--- DATA LISTING Enclosed Below ---

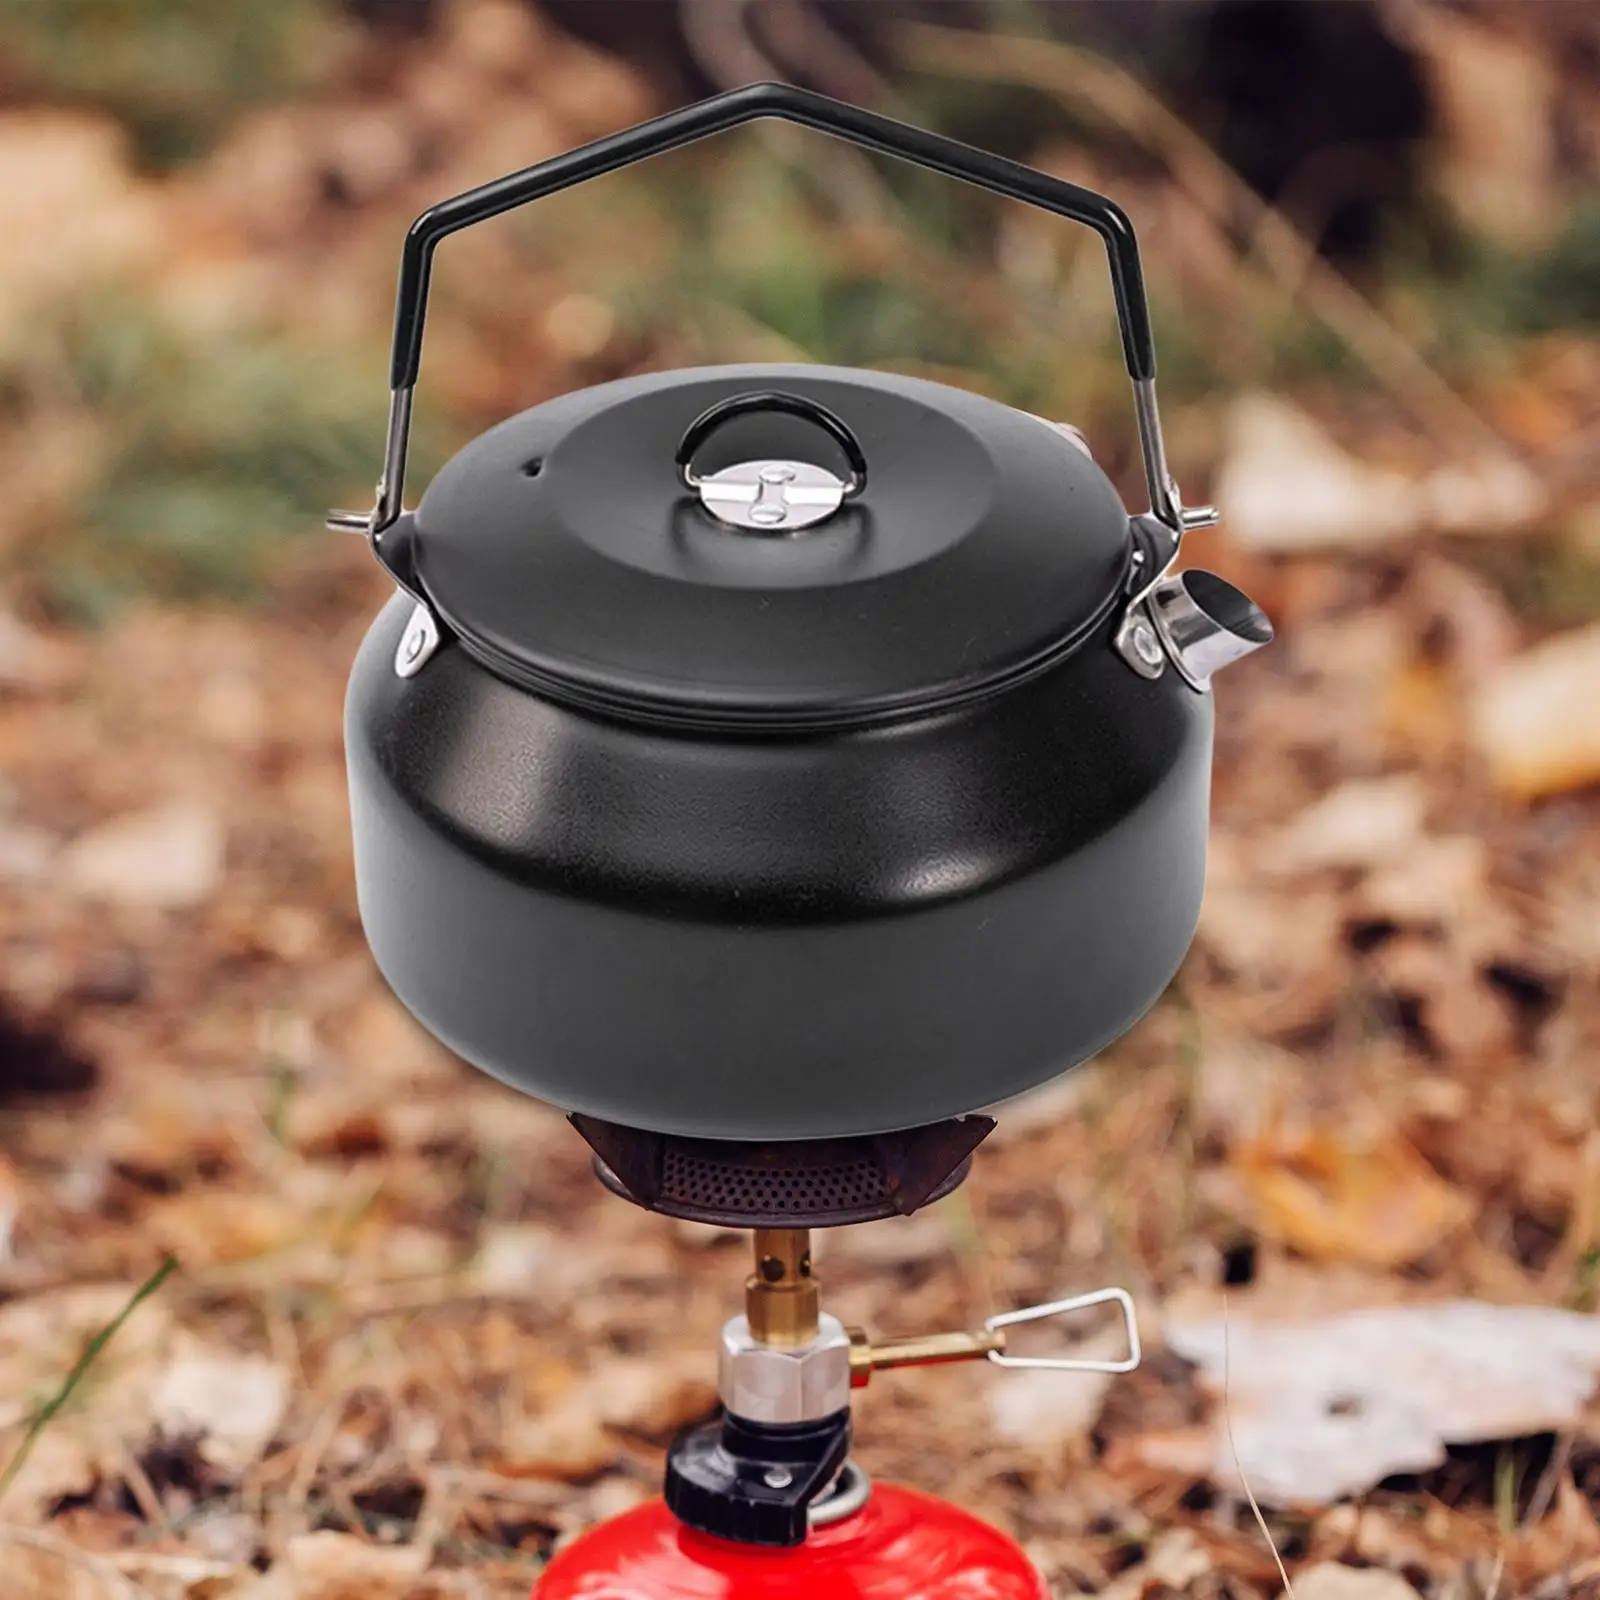 Camping Water Kettle Teapot Kitchen Anti Scald and Lockable Handle Portable Tea Pot for Outdoor Hiking Campfire Travel Barbecue
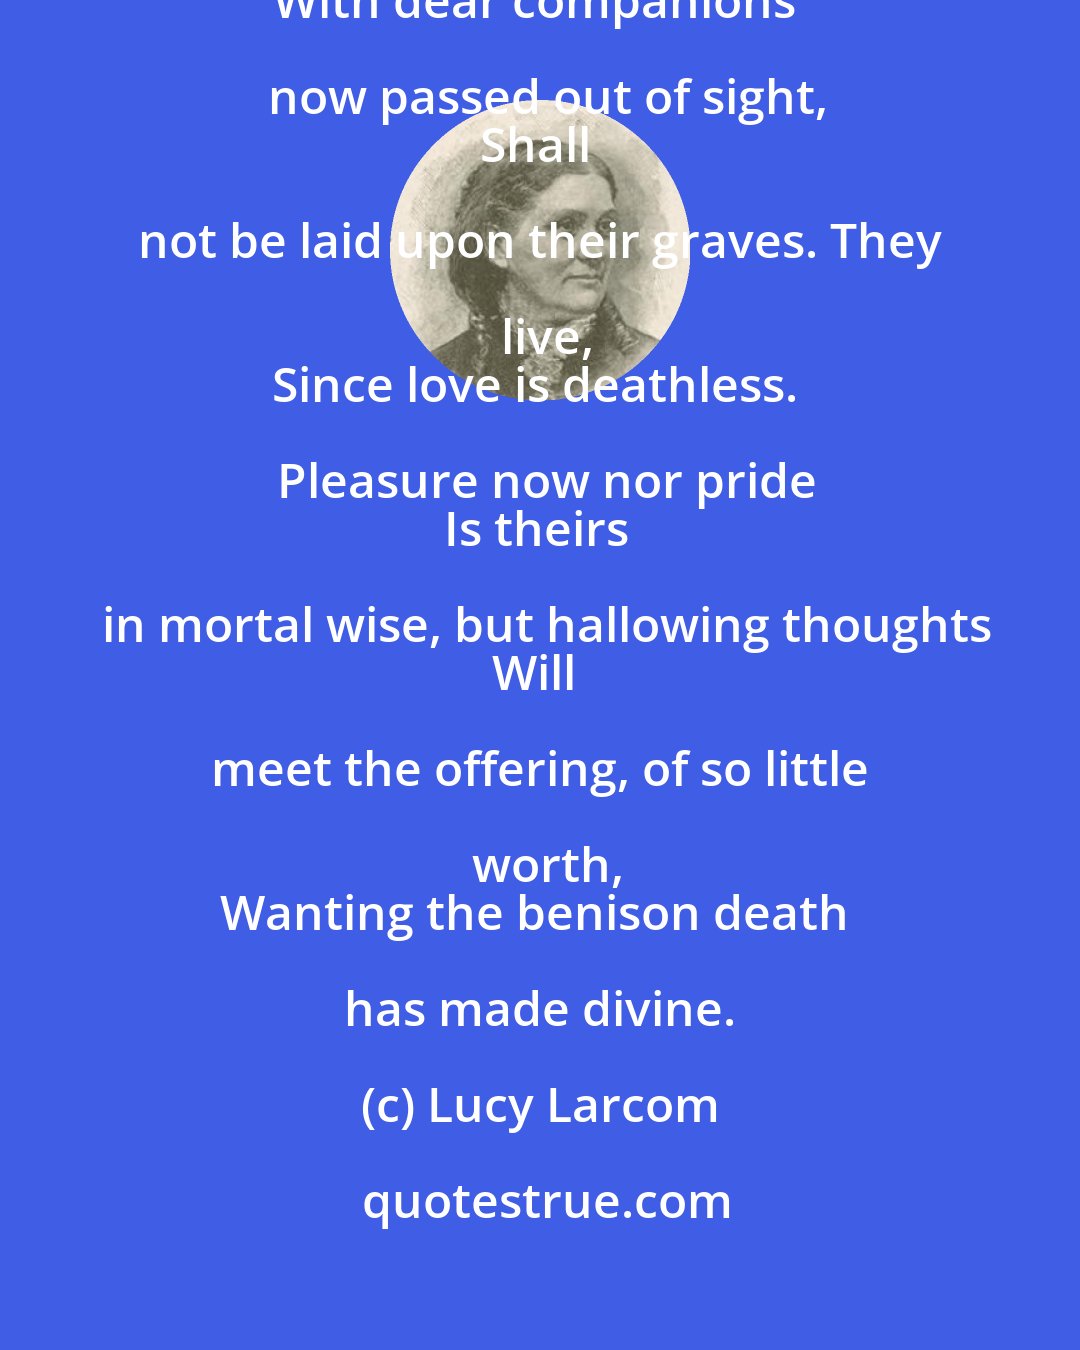 Lucy Larcom: These blossoms, gathered in familiar paths,
With dear companions now passed out of sight,
Shall not be laid upon their graves. They live,
Since love is deathless. Pleasure now nor pride
Is theirs in mortal wise, but hallowing thoughts
Will meet the offering, of so little worth,
Wanting the benison death has made divine.

--- End of Enclosed DATA LISTING ---

[WHAT TO DO]
From the records given above, reproduce all text exactly and exclude each picture.

[FINAL ANSWER]
 Camping Water Kettle Teapot Kitchen Anti Scald and Lockable Handle Portable Tea Pot for Outdoor Hiking Campfire Travel Barbecue
 Lucy Larcom: These blossoms, gathered in familiar paths,
With dear companions now passed out of sight,
Shall not be laid upon their graves. They live,
Since love is deathless. Pleasure now nor pride
Is theirs in mortal wise, but hallowing thoughts
Will meet the offering, of so little worth,
Wanting the benison death has made divine.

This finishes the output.